Attention • Internal • Social Media • (6) Comments • (0) Trackbacks • Permalink
Tuesday, January 03, 2006
Another way to focus your attention
I don’t know how I missed this, but thanks to Dave Winer‘s latest Morning Coffee Notes podcast, I’ve learned about and become an instant fan of Top 10 Sources.
Winer interviewed John Palfrey yesterday for MCN. Palfrey is founder and publisher of the site; he’s better known as director of Harvard Law School’s Berkman Center for Internet and Society.
The idea behind Top 10 Sources is simple. A staff picks a topic, then culls through blogs and podcasts to identify the top 10 sources in that subject. The Yahoo!-like index of topics makes it easy to find the subject you’re interested in. Under “Health and Science,” for example, you’ll find Women in Science, Environment, Yoga, Women’s Health, Astronomy, Science News, Weight Loss and Controversial Science. A new topic is added daily.
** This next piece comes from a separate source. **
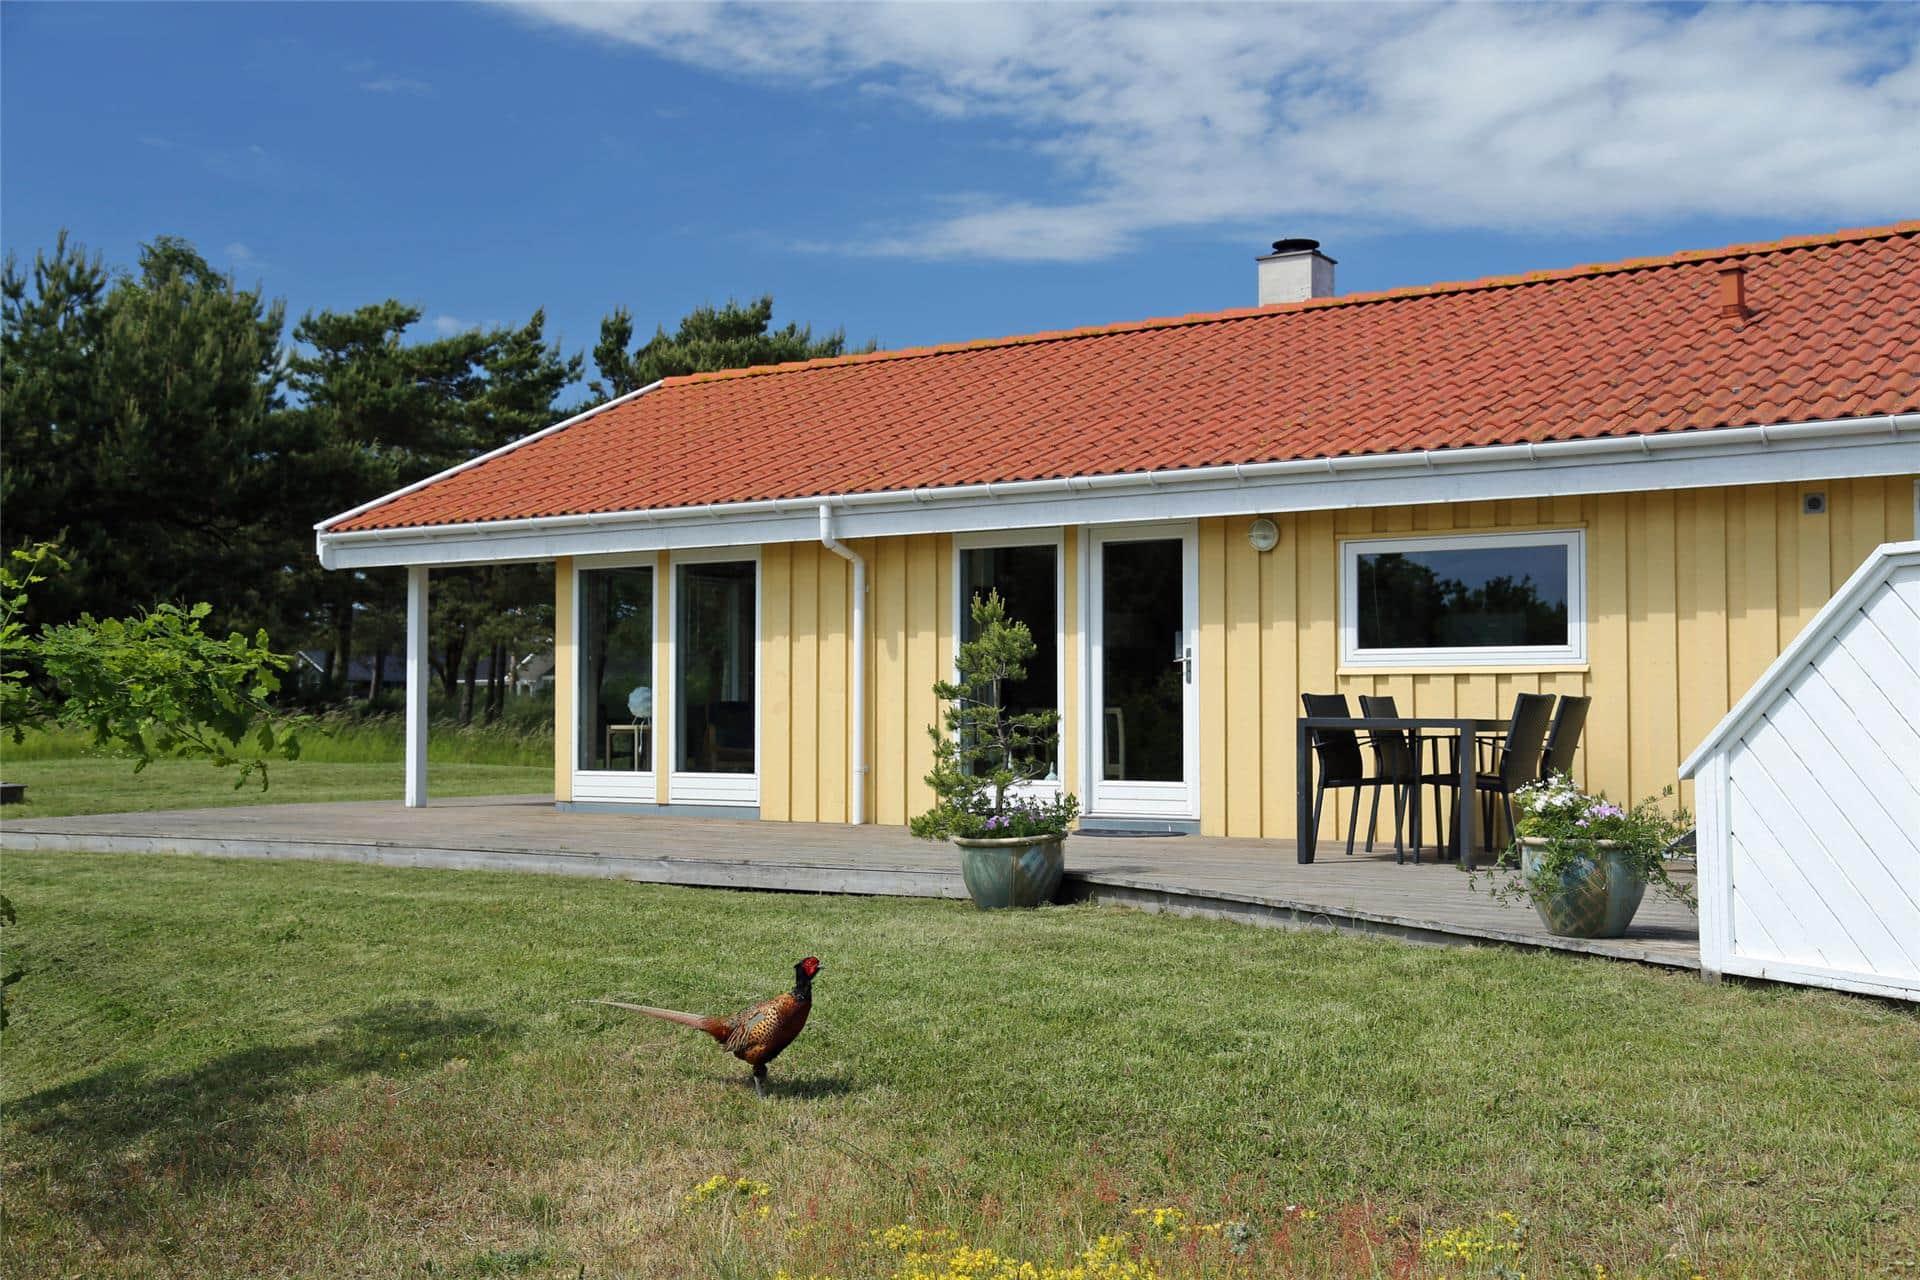 Afbeelding 1-10 Vakantiehuis 1424, Holsteroddevej 11, DK - 3720 Aakirkeby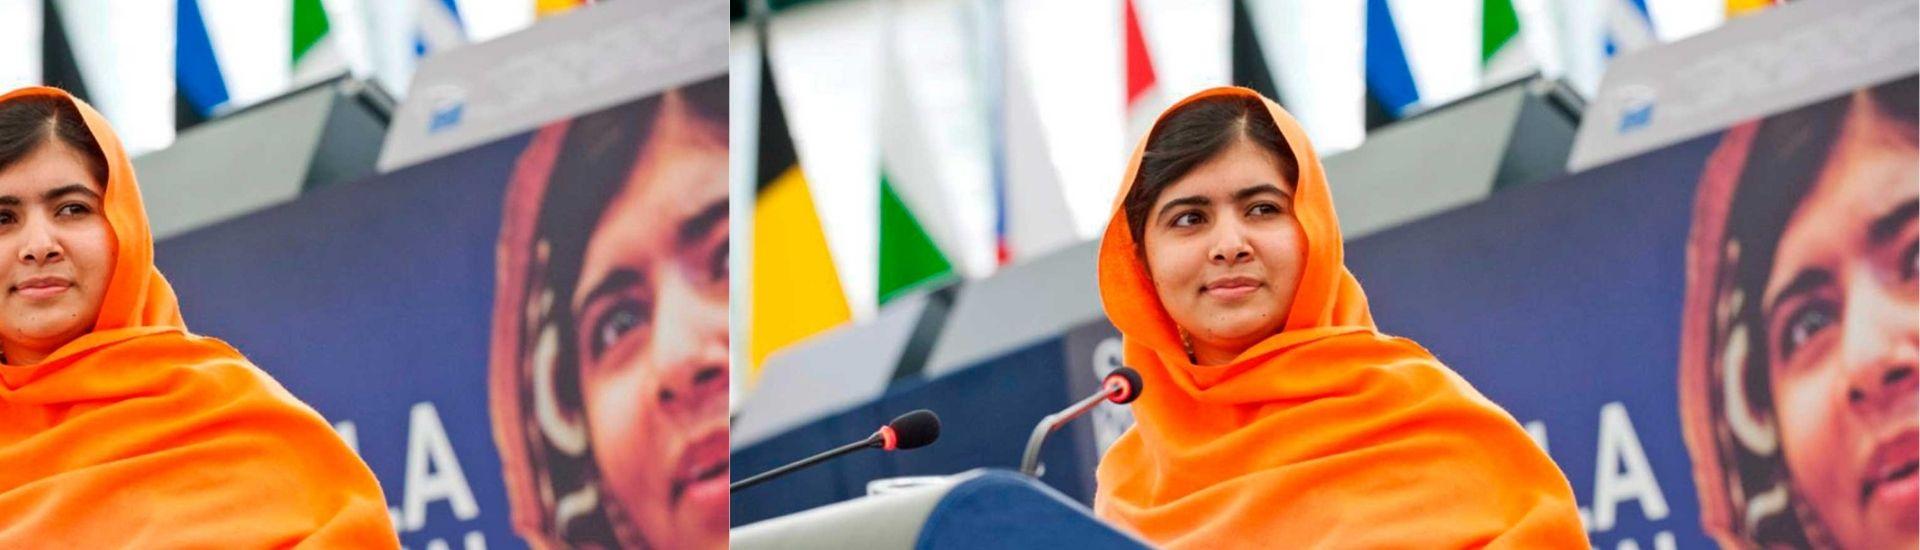 Fotografía de Malala

Click to the topic page and you’ll find an introduction from the editor who pulled together the sources followed by the latest posts from each of the 10 identified blogs/podcasts. I checked the Guitars listing under Music, and found a truly useful set of blogs. The posts are listed in “river of news” style, with each page serving as a feed aggregator. You can also subscribe to the RSS feed for each page, pulling the updated contents of each topic into your own news reader; alternatively, you can get the OMPL file to update your OPML reader on a daily basis.
The home page is handled a lot like Wikipedia, with different featured topics appearing every day.
In a press release, Palfrey said:
Top 10 Sources is about adding a human element to searching and sorting through the increasingly great syndicated content on the Web. Much like Yahoo! brought a hierarchy to the early days of the commercial Internet with its browser, Top 10 Sources organizes information in blogs, podcasts, wikis, photoblogs and other sources into ‘reading lists.’ The goal is to foster an active conversation among readers, authors and editors that is about, and results in, great online content with context.
The site launched in early December, so it’s not surprising that the Business category is anemic (Venture Capital and Your Money are the only two topics listed so far), but I expect that’ll change as new subjects continue to be added. In the MCN interview, Palfrey also promised that editors would keep an eye on the topics, deleting sources that lose their relevance and adding new ones that rise in prominence. It’s a site—and an idea—to keep an eye on.